Airline Pilots’ Association of India (ALPA) has demanded a time bound roadmap for full implementation of flight duty time rules.
The association has said extensions to airlines granted by the Directorate General of Civil Aviation pose safety risk and should be withdrawn.
The association made this demand following untimely deaths of two Air India and Akasa Air pilots this week.
“The continued grant of variations to operators has materially diluted the intent of the flight duty time limitation regulations (FDTL). These variations, originally conceived as transitional measures, have effectively become the norm. This defeats the purpose of the fatigue management framework and perpetuates scheduling practices that operate at or near regulatory limits without adequate safety buffers, “ ALPA India president Captain Sam Thomas said in a letter to the Directorate General of Civil Aviation on Thursday.
The revised FDTL rules came into effect last November.
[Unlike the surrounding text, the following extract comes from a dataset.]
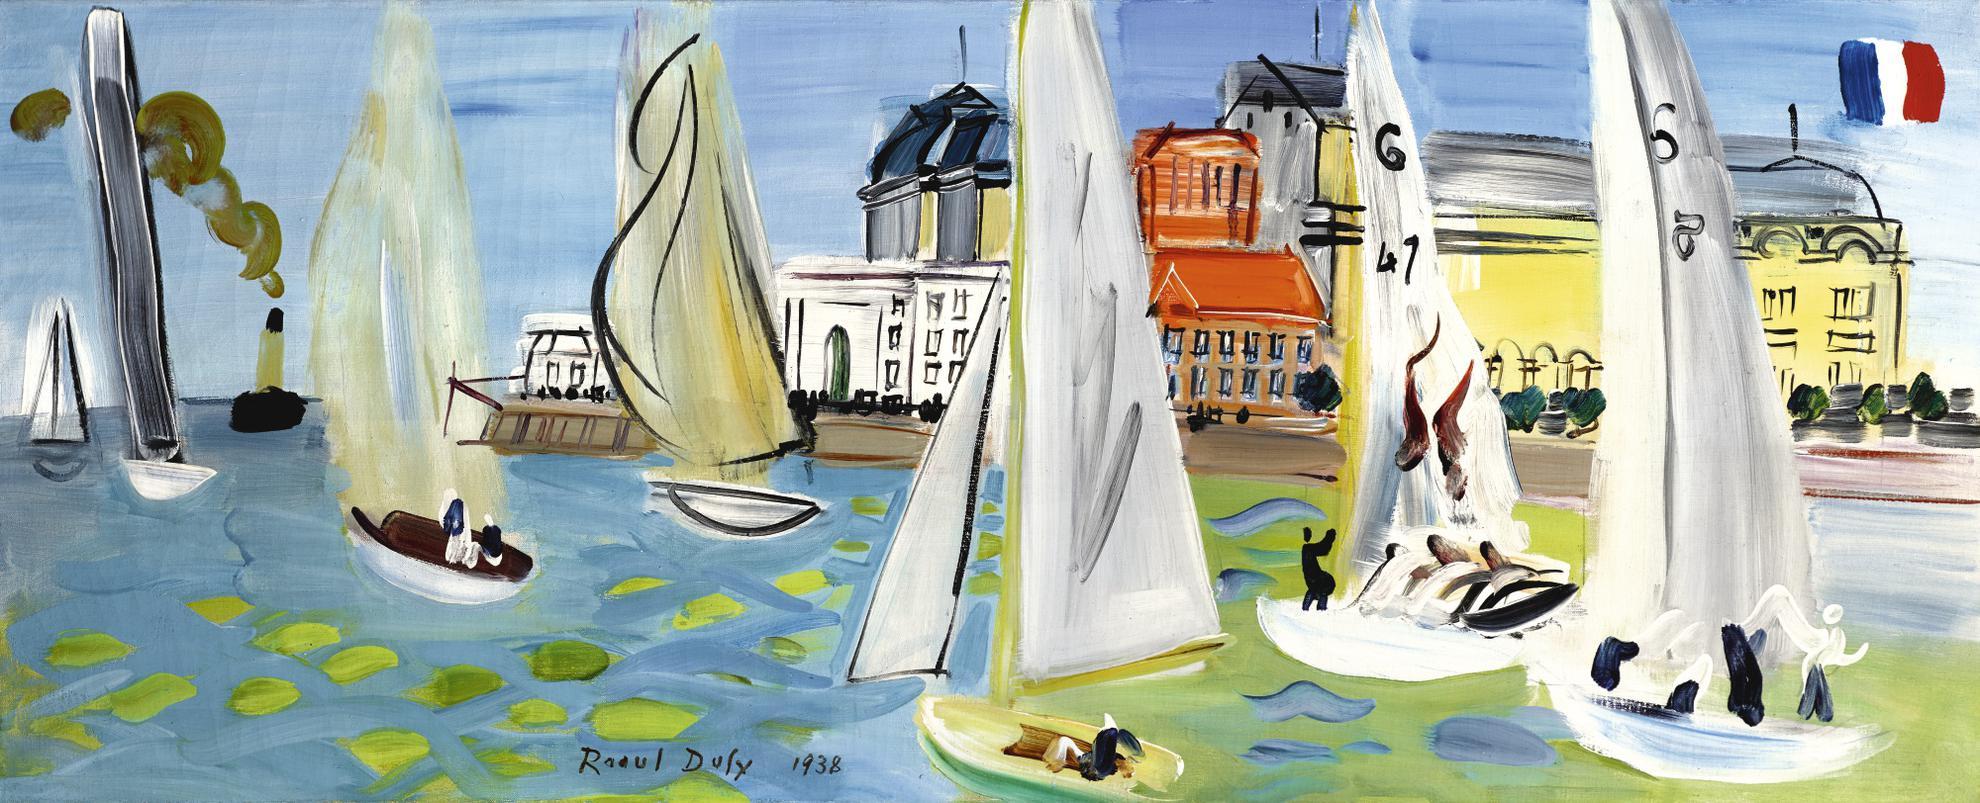 Raoul Dufy-Regates (Le Bassin De Deauville)-1938

IndiGo was granted certain exemptions until February 10 following flight disruptions last November. In March, Air India was allowed relaxation in duty time for long-haul flights. The move was necessitated due to airspace closures following the Iran-US conflict.
The association has now asked DGCA to initiate a structured and time-bound programme for the gradual withdrawal of all such variations, culminating in the full and uniform implementation of FDTL provisions across operators.
“The continued occurrence of untimely pilot fatalities and adverse health outcomes, particularly following the introduction and operational misuse of consecutive night duties, warrants urgent attention. Recent aviation incidents further reinforce the need to ensure that flight crew are not merely compliant with limits but are genuinely well-rested and operationally fit,” the association has said.
Airlines should be mandated to submit quarterly fatigue report data in a standardised format, it said. Such data should be placed in the public domain, it added.